Art contemporain


La boîte à outils

Quand le sage lui montre la lune, l’idiot regarde le doigt

Proverbe chinois

Chaque fois que j’emprunte les marches qui conduisent au Passage de l’Art, j’ai le sentiment profond de participer à une descente aux enfers. Sous la cour et la salle des machines ce sous-sol du lycée technique est comme un trou, comme une cache, comme un lieu secret, comme une crypte où l’on ne peut célébrer les vivants qu’en invoquant les morts par des discours et des chants, comme un enfer où l’on cache, on le disait des bibliothèques, les ouvrages de perdition qui relèvent d’une dépense agonistique, d’une dépense improductive. En ce sens ces enfers du lycée entretiennent un rapport difficile et paradoxal avec les salles de surface. Il y a le lycée du Rempart et son double,  le Passage de l’Art c’est le double du lycée, le double qui est à la fois le même et l’autre de ce qui était, il y a peu, l’Ecole d’Art et d’Industrie de Marseille. C’est ce qui est encore inscrit, gravé dans la pierre au fronton qui domine la lourde porte du lycée. Jamais ce rapport sous-sol/surface ne m’est apparu avec autant d’évidence qu’en ce jour du vernissage de l’exposition de Sandra Lorenzi et c’est ce qui m’a poussé à donner pour titre à mon intervention La boîte à outils. Ce titre est une façon de répondre à la fois au carton d’invitation et à l’intitulé de l’exposition Petit organon. Les clés à molette, tournevis, marteau etc. qui sortent de la trousse à outils plaquée sur les  poches serrées d’un jean, semblent répondre à l’ordre officiel, celui de la surface où officient les apprentis mécaniciens, mais en l’interrogeant, en le dotant d’un coefficient d’étrangeté.

Organon, le mot est savant, il parle grec mais il ne nous est pas étranger puisqu’organon a donné en français organe, organisation, organisme, mots qui appartiennent à un champ sémantique aussi riche que familier. Organon c’est l’instrument, c’est l’outil à partir duquel on a pensé le corps  qui a des organes, des pompes, des leviers, des roues ou des rouages comme on en trouve en une machine. Nous sommes ici en pays de connaissance puisqu’il ne s’agit de rien moins que de l’humanitas de l’homme, de celui qui n’étant pas accompli (qui, oublié des dieux n’a pas d’essence ou de nature), a dû inventer l’organon, l’outil, l’instrument, l’artifice d’un dispositif pour assurer sa survie. Il fallait le rappeler dans ce lycée technique sous la salle des machines dotées aujourd’hui de commandes digitales très sophistiquées.

Organon c’est le nom que la tradition a donné à la logique d’Aristote, à cette logique formelle exposée dans divers traités[1]. Elle n’était pour lui que l’outil, que l’instrument très extérieur de la pensée, elle ne faisait pas partie à part entière de la philosophie comme c’était le cas pour les stoïciens qui l’ont, peut-être à tort, ainsi qualifiée (les stoïciens divisaient la philosophie en logique, physique et éthique).

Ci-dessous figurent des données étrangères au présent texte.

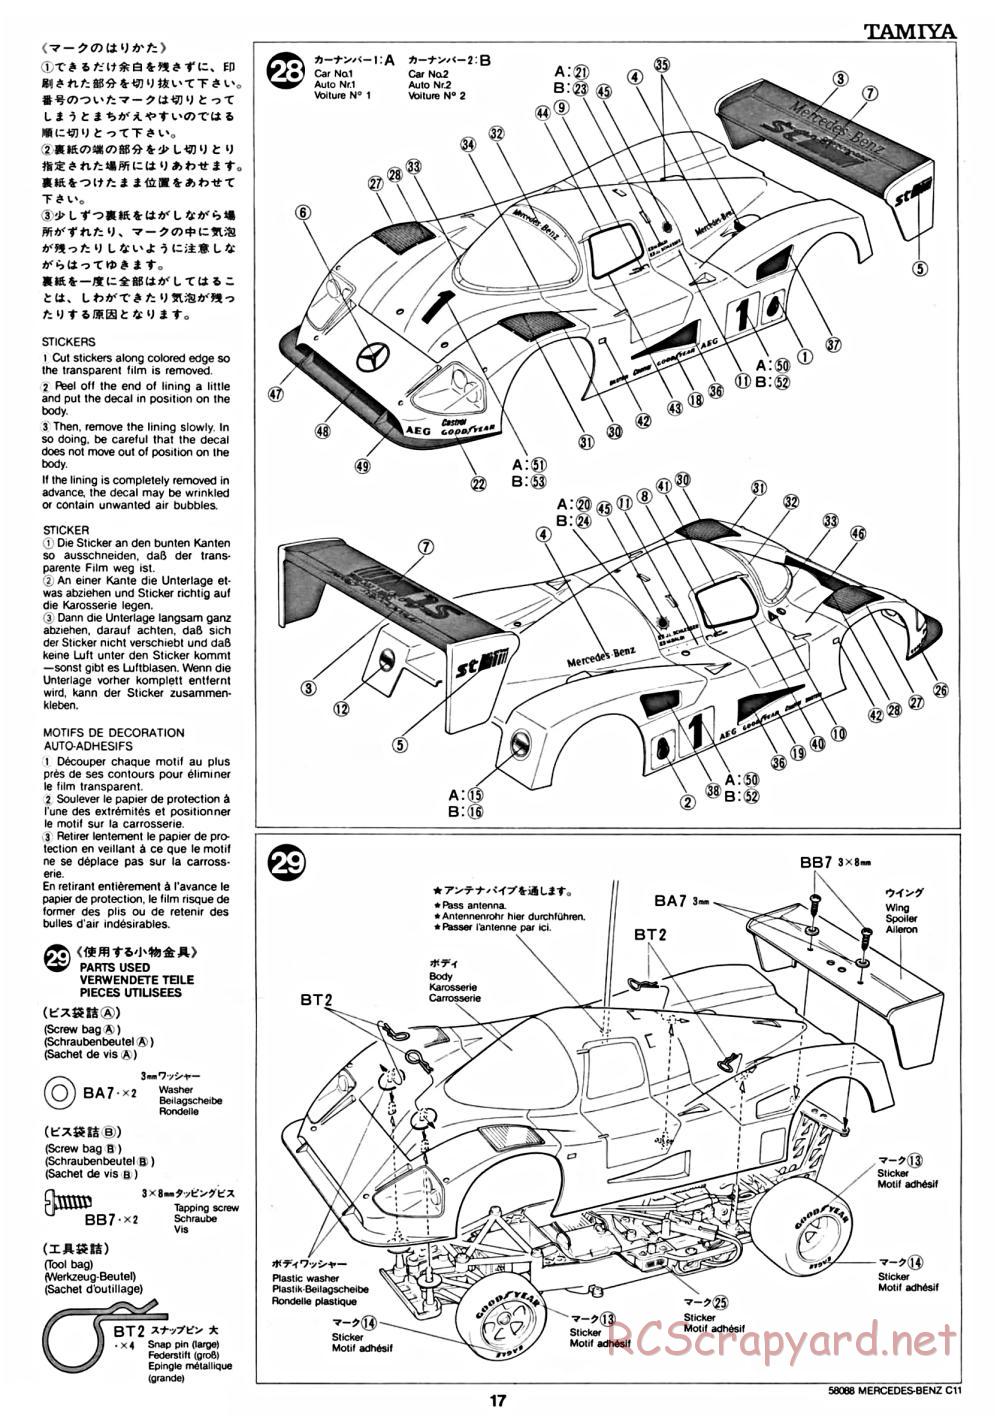 Tamiya - Mercedes Benz C11 - 58088 - Manual - Page 17

Petit organon, ce syntagme  Sandra Lorenzi l’a emprunté à B. Brecht. C’est dans Petit organon pour le théâtre en effet que B. Brecht répond à Aristote, justement, plus précisément à la Poétique d’Aristote qui a dominé toute la tradition du théâtre occidental.  C’est dans le Petit organon qu’il expose les nouveaux principes de la dramaturgie d’un théâtre épique et critique fondé sur la distanciation, sur le fameux Verfremdungseffekt, dramaturgie  qui s’oppose frontalement au théâtre (et au théâtre « bourgeois » en particulier), au théâtre réaliste de la participation qui avait pour fin, disait Aristote, de nous purger de nos passions.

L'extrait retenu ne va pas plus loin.